Ее каблучки игриво зацокали по старым мраморным плитам, которыми было выстлано пространство вокруг фонтана. Фалькон открыл стеклянные двери комнаты, включил свет, жестом пригласил гостью войти и по выражению ее лица понял, что она испытала неожиданное потрясение.
- Что вас так поразило? - спросил Фалькон.
Консуэло Хименес медленно обошла вокруг комнаты, внимательно и подолгу разглядывая каждую картину: от куполов и контрфорсов церкви Сан-Сальвадор до Геркулесовой колонны на Аламеде.
- Они все здесь, - сказала она, ошарашенно глядя на него.
- Что? - не понял он.
- Три картины, которые я купила у вашего отца.
- А-а-а, - протянул Фалькон, стараясь не обнаруживать своего замешательства.
- Он уверял меня, что они уникальны.
- Они таковыми и были… в момент продажи.
- Не понимаю, - сказала она, на этот раз уже раздраженным тоном, ухватившись за полы жакета.
- Скажите, сеньора Хименес, когда мой отец продавал вам картины… вы немножко выпили, закусили во дворике, а потом… что было потом? Он взял вас под локоток и привел сюда. Не шептал ли он вам доверительно: "В этой комнате продается все, кроме… вот этого!"
- Именно так все и было.
- И вы попались на эту удочку три раза?
- Ну, конечно же, нет. Так он сказал в первый раз…
- Однако вы решили купить именно эту картину?
Она пропустила вопрос мимо ушей.
- В следующий раз он сказал: "Боюсь, это вам не по карману".
- А потом?
- "Эта картина чудовищно обрамлена… Я не хотел бы продавать ее вам".
- И каждый раз вы покупали именно то, что он якобы не желал вам сначала уступать?
Она в ярости топнула ногой, осознав всю нелепость и унизительность своего тогдашнего положения.

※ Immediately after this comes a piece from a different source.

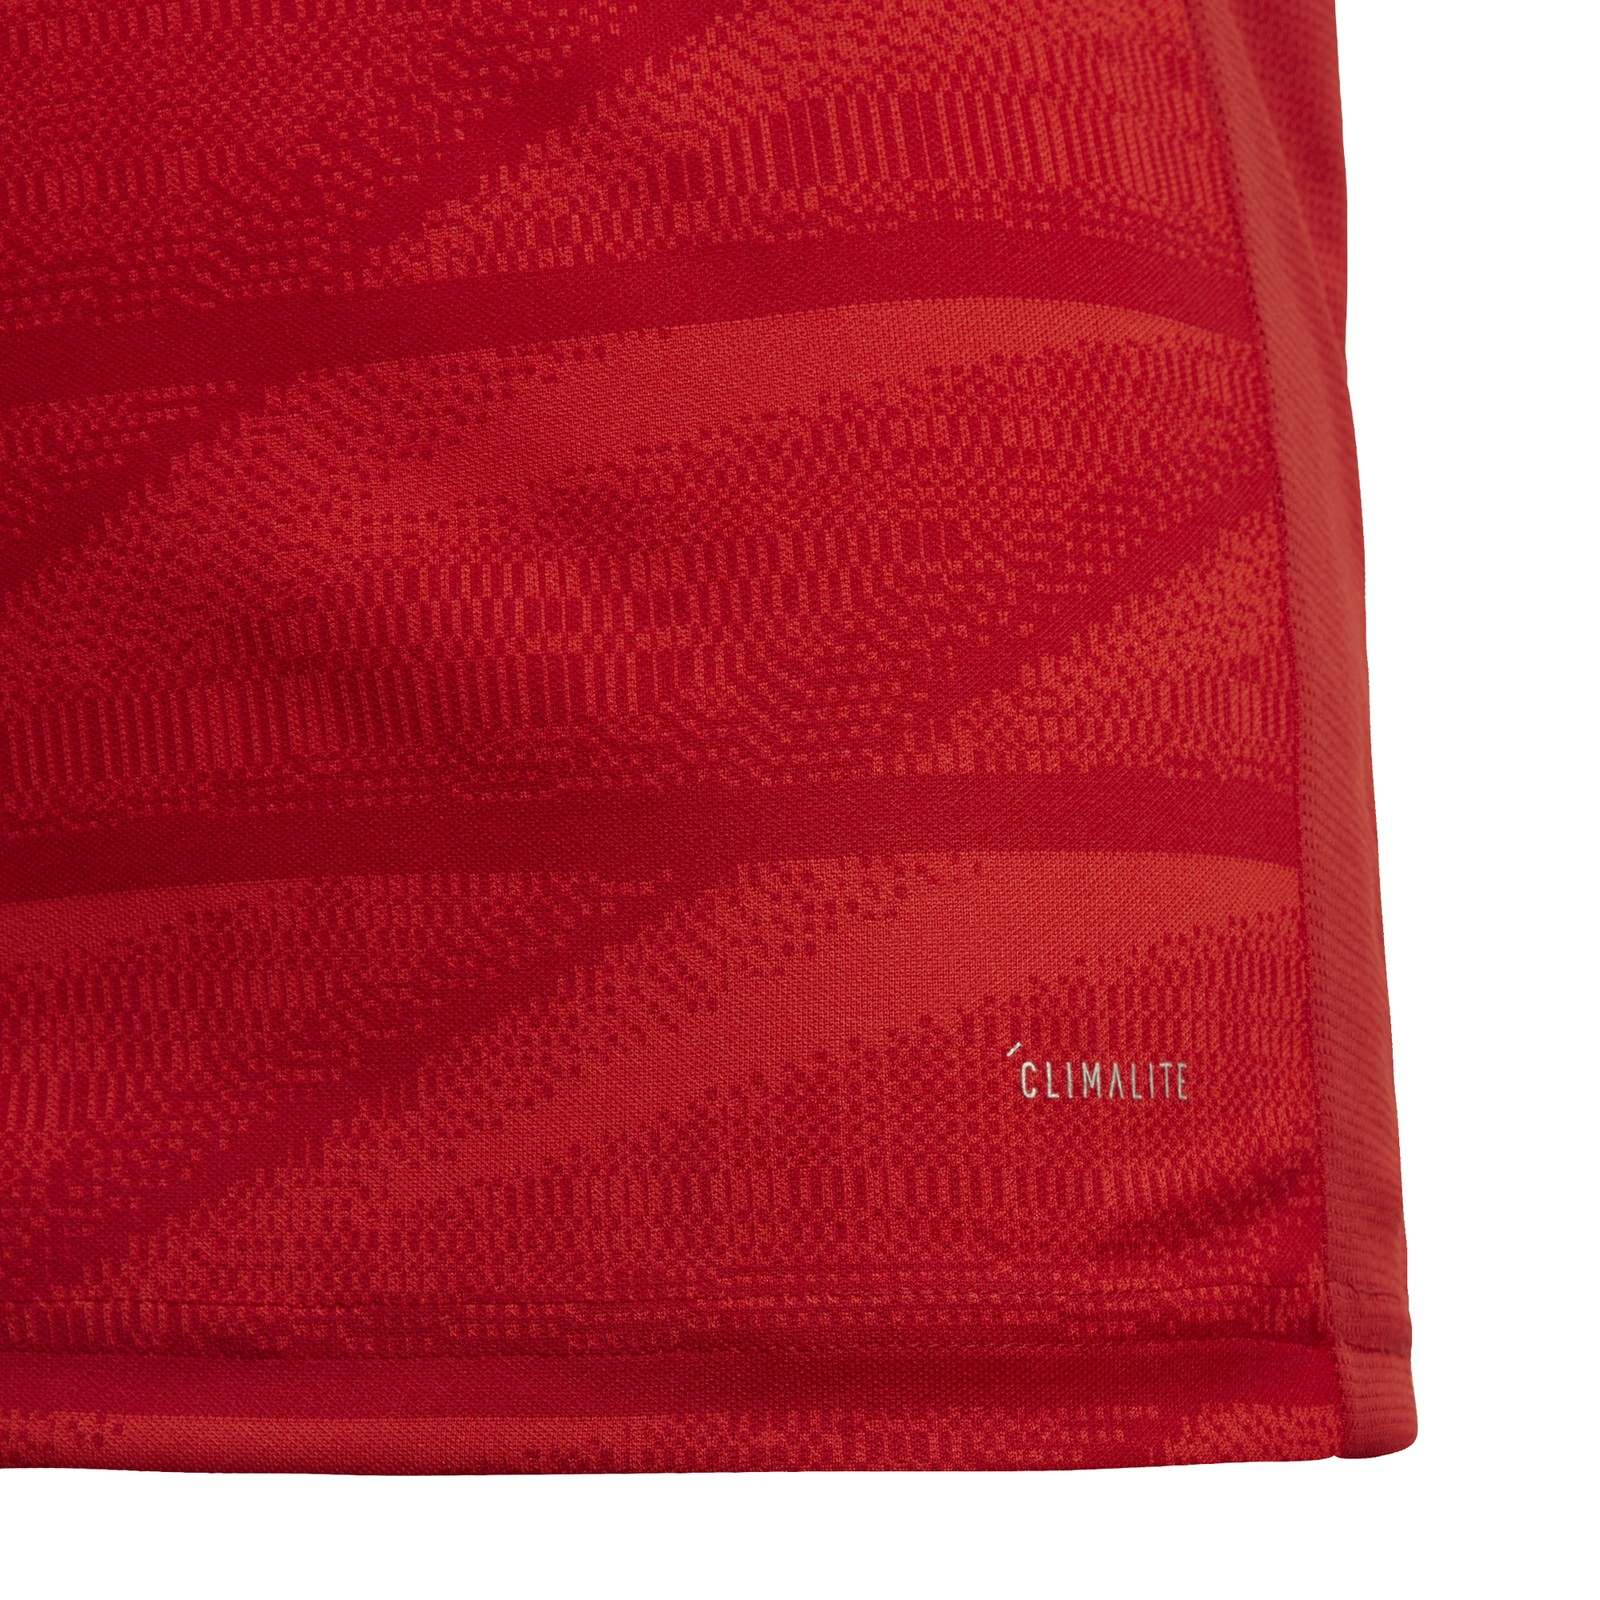 adidas-FC-Bayern-Muenchen-Heimtrikot-Kinder-2019-2020-Home-Jersey-rot-DX9253 Indexbild 23

- Не расстраивайтесь, сеньора Хименес, - попытался успокоить ее Фалькон. - Ни у кого, кроме вас, именно этих пейзажей нет. Он не страдал ни глупостью, ни легкомыслием. Это была всего лишь безобидная игра, в которую ему нравилось играть.
- Потрудитесь объяснить, - резко сказала она, и Хавьер почувствовал облегчение оттого, что не принадлежит к числу ее наемных работников.

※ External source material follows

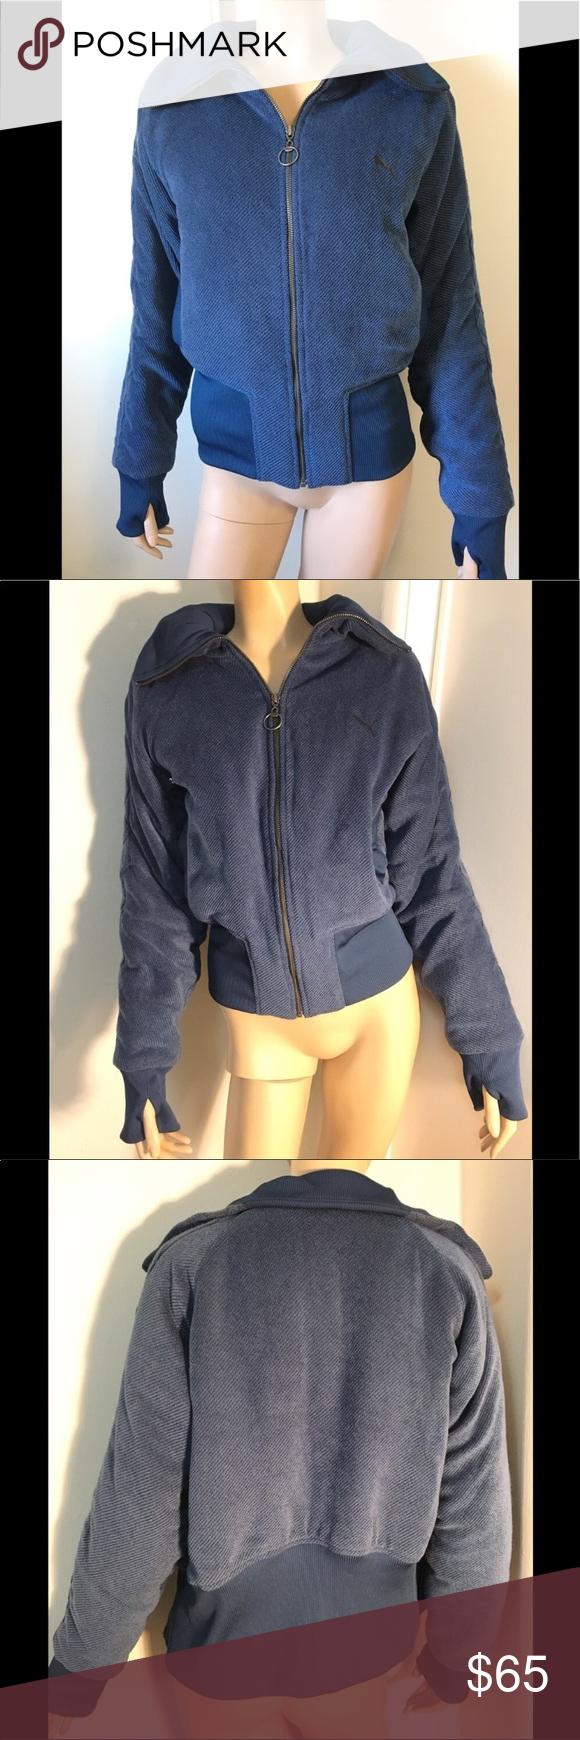 Puma bomber jacket blue Medium Clothes design, Bomber

- Я могу рассказать, как это делалось, но побудительные мотивы мне самому до конца не ясны, - начал Хавьер. - Я никогда не участвовал ни в каких вечеринках, а сидел у себя и читал американские детективы. Когда гости уходили, отец, обычно вдрызг пьяный, врывался в мою комнату и, независимо от того, спал я или нет, орал: "Хавьер!" - и потрясал пачкой денег у меня перед носом. Своей выручкой за вечер. Если я спал, то спросонья бормотал что-то одобрительное; если не спал - то кивал поверх книги. После этого он бежал прямиком в мастерскую и рисовал точно такую же картину, как только что проданная. Наутро она обычно уже была вставлена в раму и висела на стене.
- Очень оригинально, - брезгливо поежившись, заявила она.
- Я сам видел, как он рисовал вот эту крышу собора. Знаете, сколько это заняло у него времени?
Она посмотрела на картину - фантастически сложную комбинацию взмывающих ввысь контрфорсов, стен и куполов, заряженную энергией кубизма.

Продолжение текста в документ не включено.